Various stakeholders in the criminal justice system and the general public have frequently debated whether certain persons are above the justice, or whether the criminal justice system treats all persons fairly without any partiality. It is frequently said that the legal system is divided into two: one serves the rich, powerful and/ or the famous, while the second systems serves the rest.
One may argue that just like any other system made by man, the legal system has its own flaws, however, the frequency and trend of such flaws raises eyebrows. The rich, famous and/ or the powerful have frequently received preferential treatment under the same legal system we all ascribe to and this can be evidenced by the number of high profile cases that receive lenient judgments.
Examples of high-profile persons that have been favored by the lady justice include Paris Hilton, O J Simpson, Rush Limbaugh, Michael Vick, Martha Stewart, Michael Jackson, among many others. Michael Vick’s case displayed just how long the legal system had take long to act on high-profile persons as it would to the rest of the population.
Michael Vick’s Case
Michael Vick is an NFL player who previously played as an Atlanta Falcons quarterback, and is well known person (celebrity) by any standards. In April 2007, Vick was indicted in an illegal dog-fighting ring that raised dogs for fighting and killed the ones that lost in the various matches.
Investigation into the case centered on Vick’s 15-acre property after police suspected that the NFL player was involved in a dog-fighting ring. At the search of his property, police discovered more than 70 dogs, some of which showed signs of injury.
Police investigations revealed that Vick’s property contained extensive dog-fighting facilities and the ring had operated for close to five years. Further investigation by federal authorities revealed the existence of an interstate dog-fighting ring, and in some sections, authorities found evidence of drug use and gambling.
Gory evidences acquired from the property included abuse, torture and execution of dogs that did not perform to the required standards (Gorant, pp. 211). Consequently, Vick and four other persons were indicted on felony charges.

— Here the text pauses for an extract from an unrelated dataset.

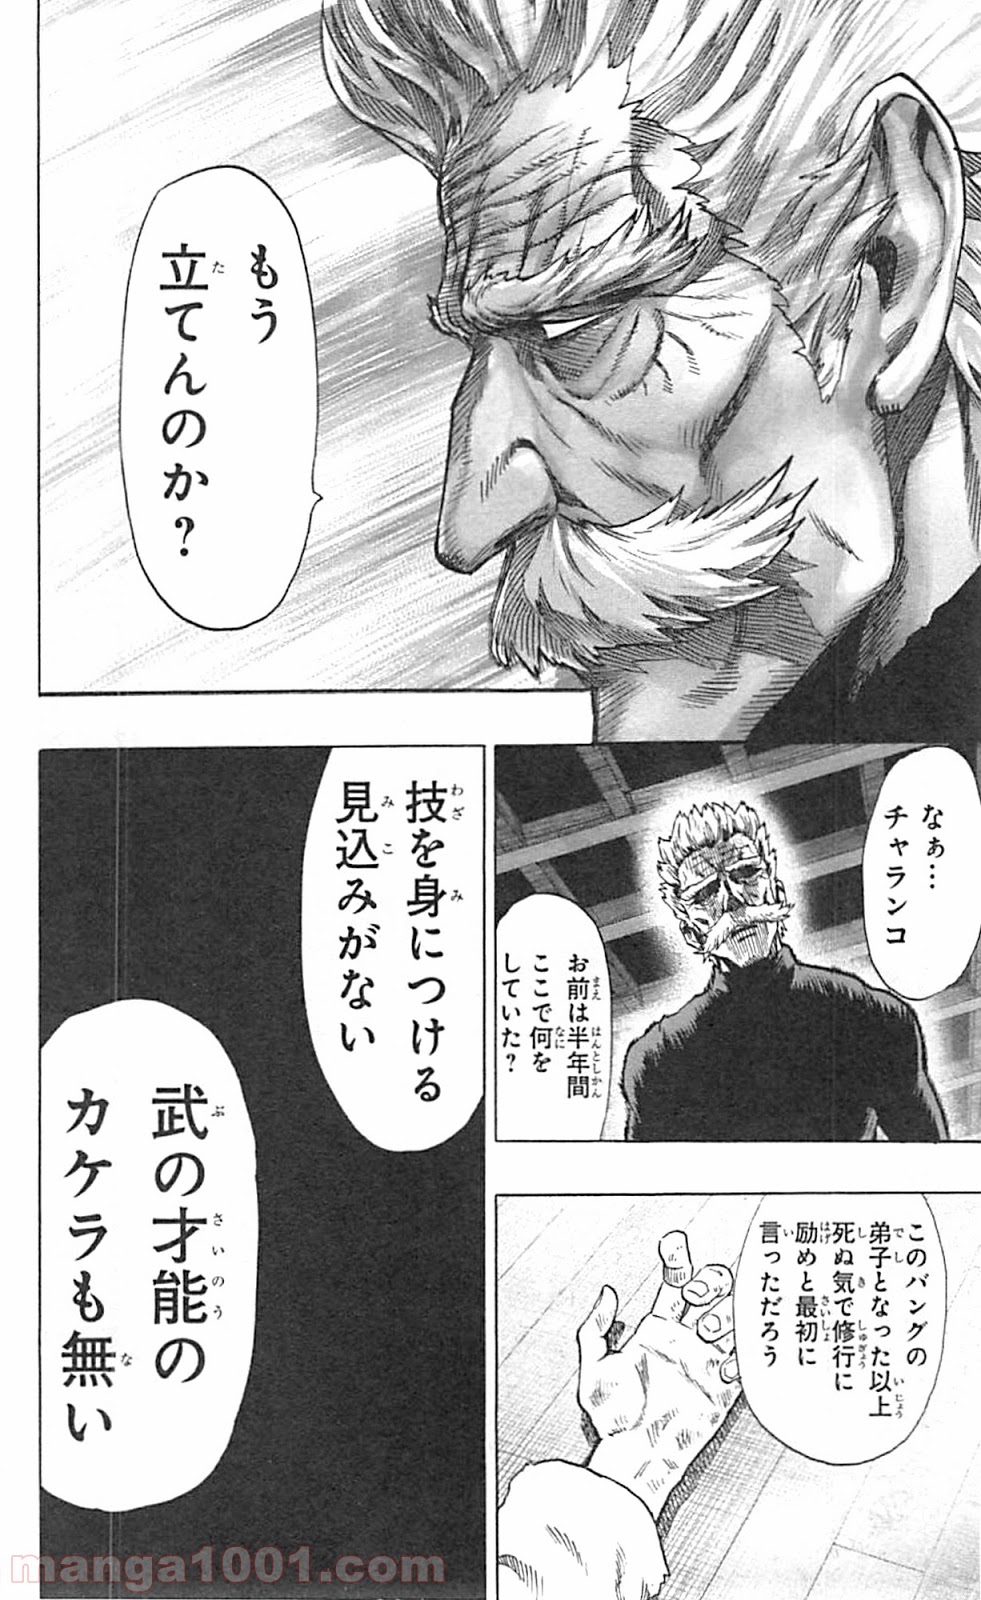 ワンパンマン One Punch Man Raw 第46話 Manga Raw

In November 2008, after several investigations by police, Michael Vick was moved to Virginia to face charges of federal felony dog fighting financing the dog fighting ring, execution of dogs, and gambling. He received a 23-month prison sentence at a federal prison and a 3-year term in the Virginia courts.

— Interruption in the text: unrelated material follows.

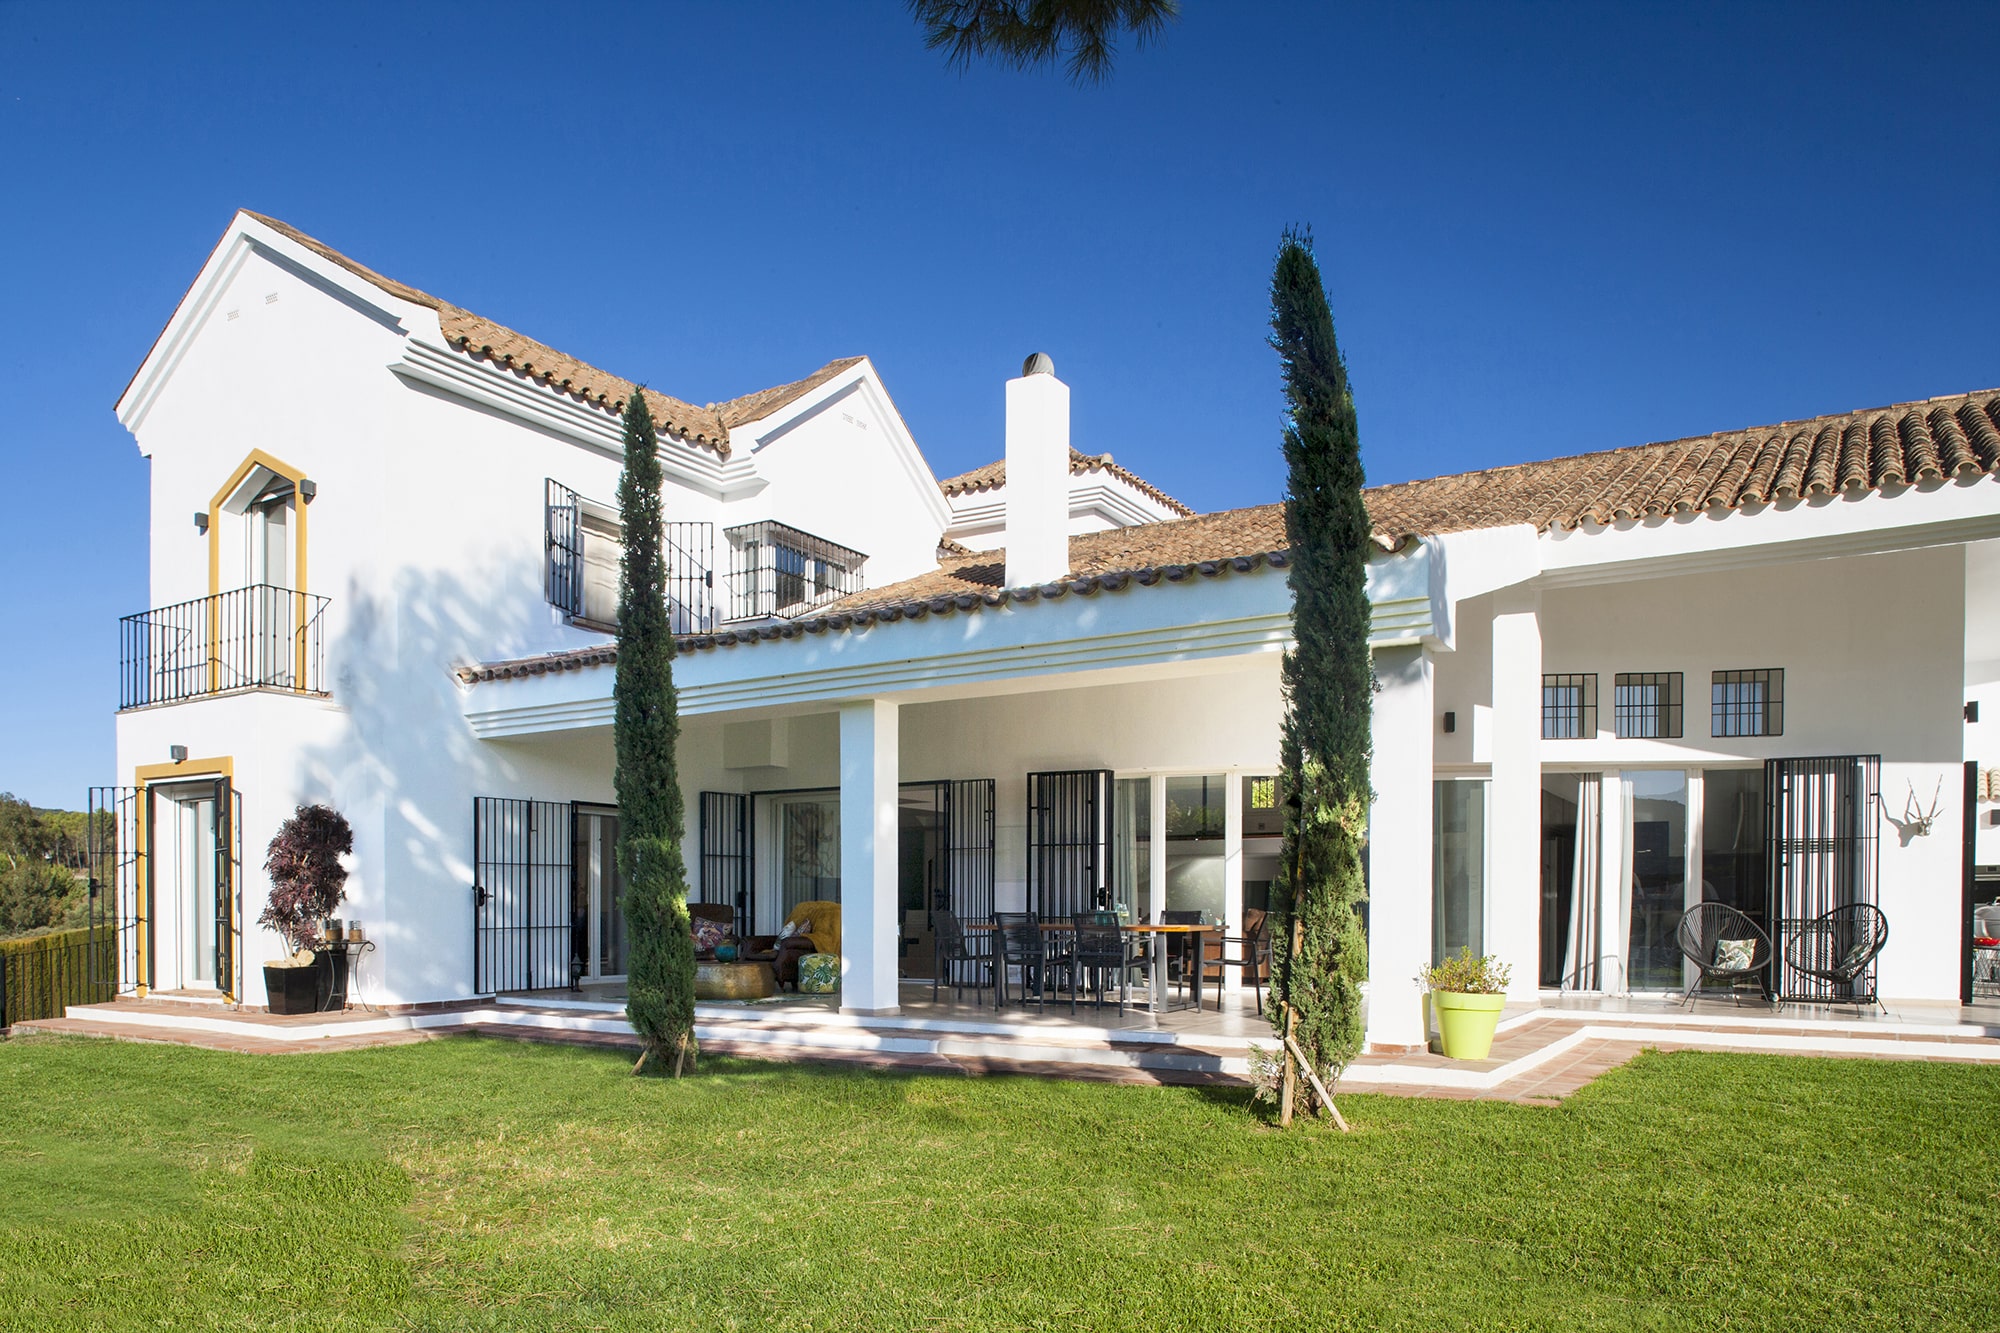 villas andalucia facade and pool

He also lost his position at the Atlanta Falcons as they cancelled his contract. Later, he filed for a plea agreement and the charge was dropped, and was released on July 2009, having been in jail for 19 months of the 23-month punishment. His federal sentence was dropped due to good behavior and only paid a $2500 fine. The rest of the charges were dropped too due to his plea agreement.
Even though the 23-month sentence given to Vick was unfair by means for the crime he committed, a regular citizen would have received a longer penalty. Each of the six charges for which Vick was convicted of carry a maximum sentence of five years for each charge, however, Vick only received a 23-month sentence when all the evidence to a ring that bred dogs for fighting, executed non-performing dogs, and engaged in gambling over the dog fights (Adler, 2011).

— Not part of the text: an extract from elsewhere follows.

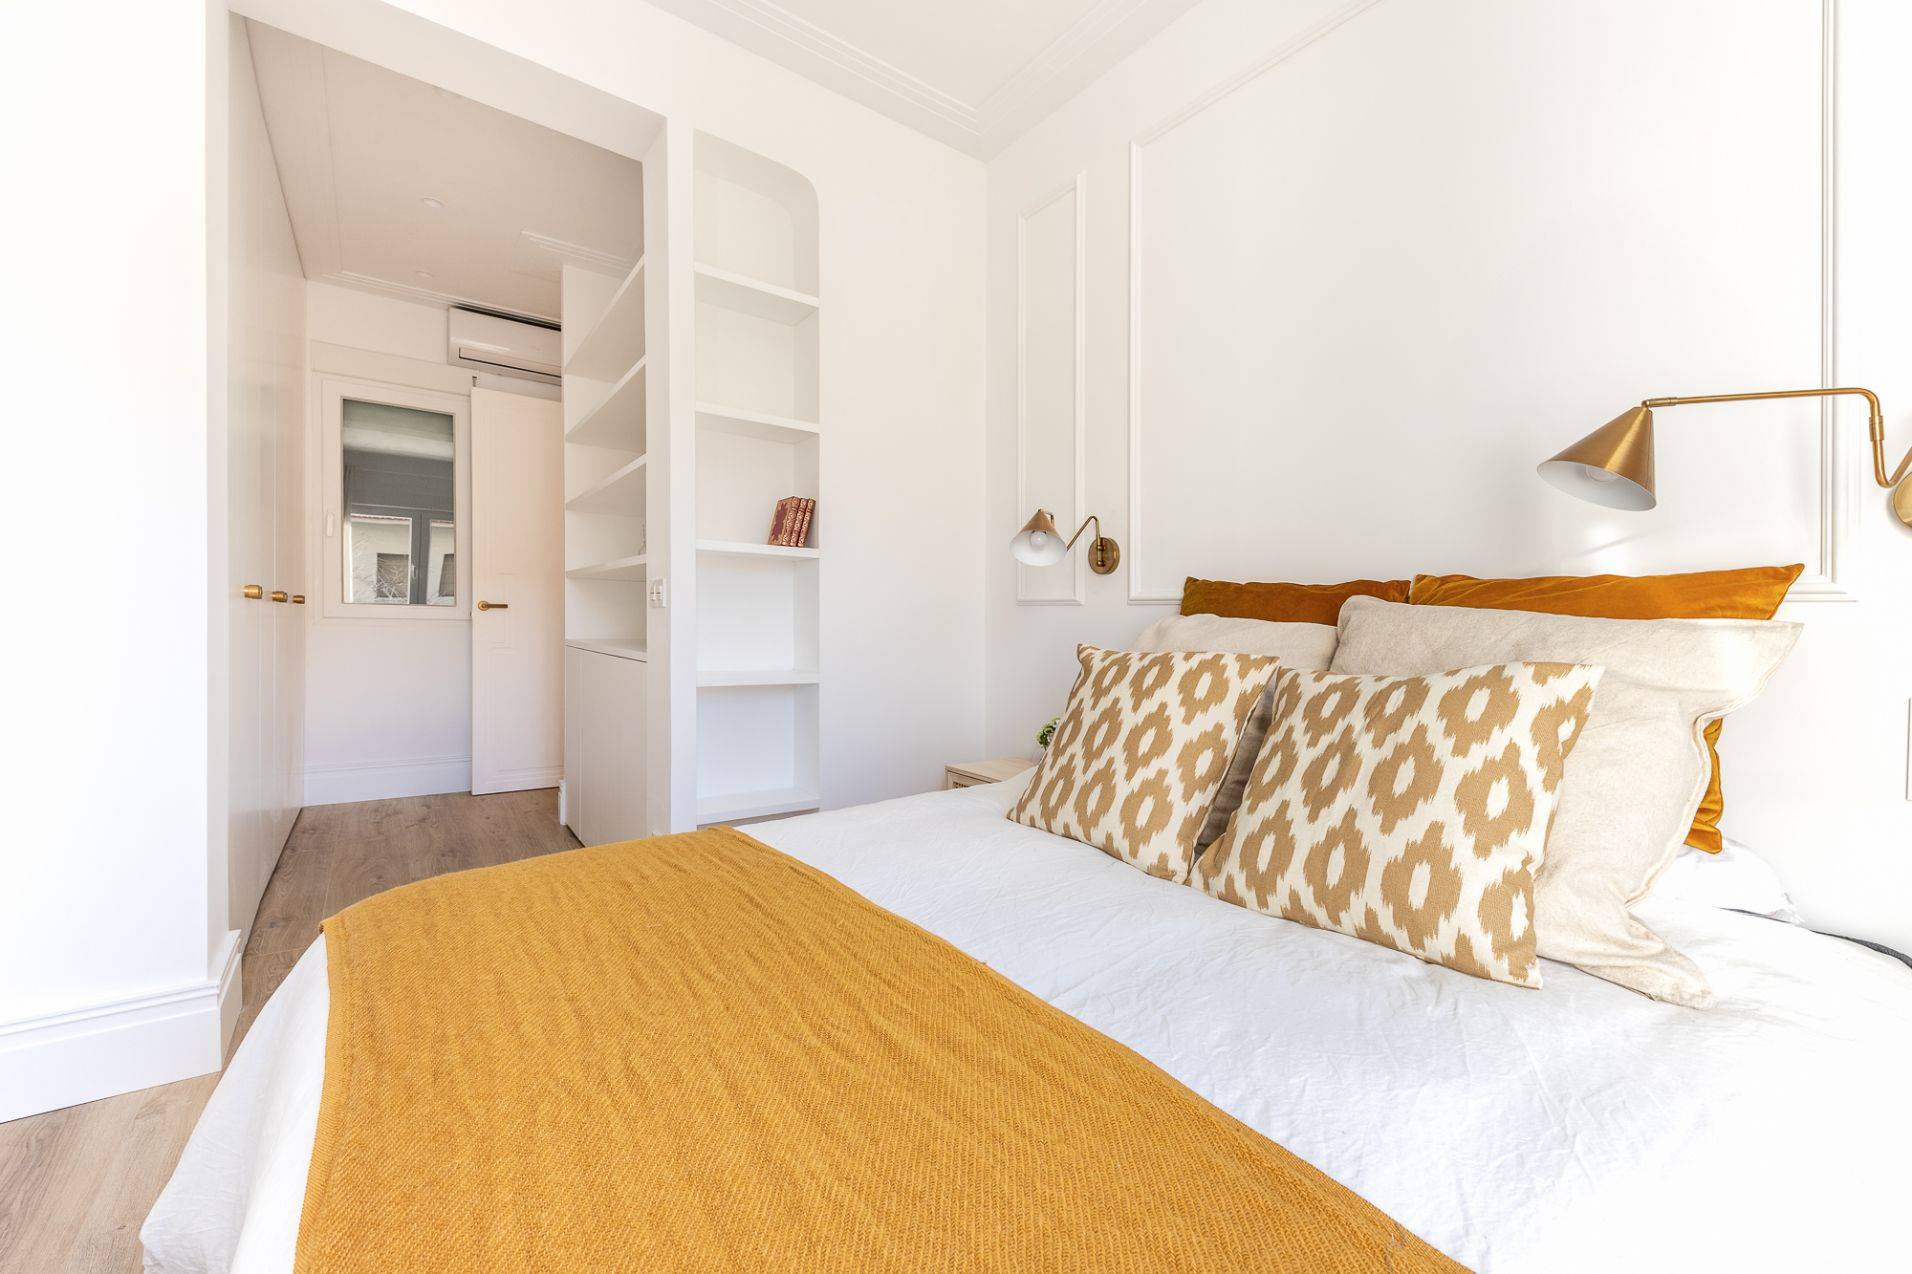 Dormitorio con paredes blancas con molduras, estantería y con ropa de cama mostaza.

Vick only received an extended since the legal system was tired of celebrities or the rich acting foolishly in recognition of the fact that they would be pardoned by law.
This was a warning to the rest of the rich, famous, or celebrities to bring their act together and recognize that the legal system acts with discretion. In Vick’s case, the judgment was fair, however, the legal system had taken long to act on persons who simply think they can anything and get away with it.
An Unfair Justice System
Either way, Michael Vick’s brief moment with the law presented a truer picture of the pressure placed on the legal system: the courts and the judges, or jury, when handling a high-profile criminal case. When the justice does not live up to its expectations, public confidence wanes off and the suspicion of a different system for the famous or rich becomes even truer.
Consider the case of Martha Stewart, a highly successful American businesswoman who participated in illegal stock trading after having access to insider information. Despite the magnitude of the case, Stewart received preferential treatment at the prison, even taking up a job. She was then released after serving a one –year sentence and placed under house confinement.
The lght sentence was attributed to the fact that “the courts have been tied in knots as prosecutors and judges struggle to find an established legal duty that people violate when they trade on inside information” (Turow, 2004). Stewart’s case was another instance of how “justice is very different for the rich and poor” (Turow, 2004).
This paper does not advocate for harsher penalties for celebrities, rather, it pushes on the fair treatment of all persons irrespective of the status in the society. If a person is involved in any illegal activity, they should the full force of the law. Michael Vick’s case served to remind us of how long the legal system had taken long to act tough on well-known persons.
Adler, James. Michael Vick Dogfighting Scandal. 2011. Web. June 5, 2011. < http://football.about.com/od/teamsfalcons/i/Michael-Vick.htm >
Gorant, Jim. The Lost Dogs: Michael Vick’s Dogs and Their Tale of Rescue and Redemption. NY: Penguin Group USA, 2011.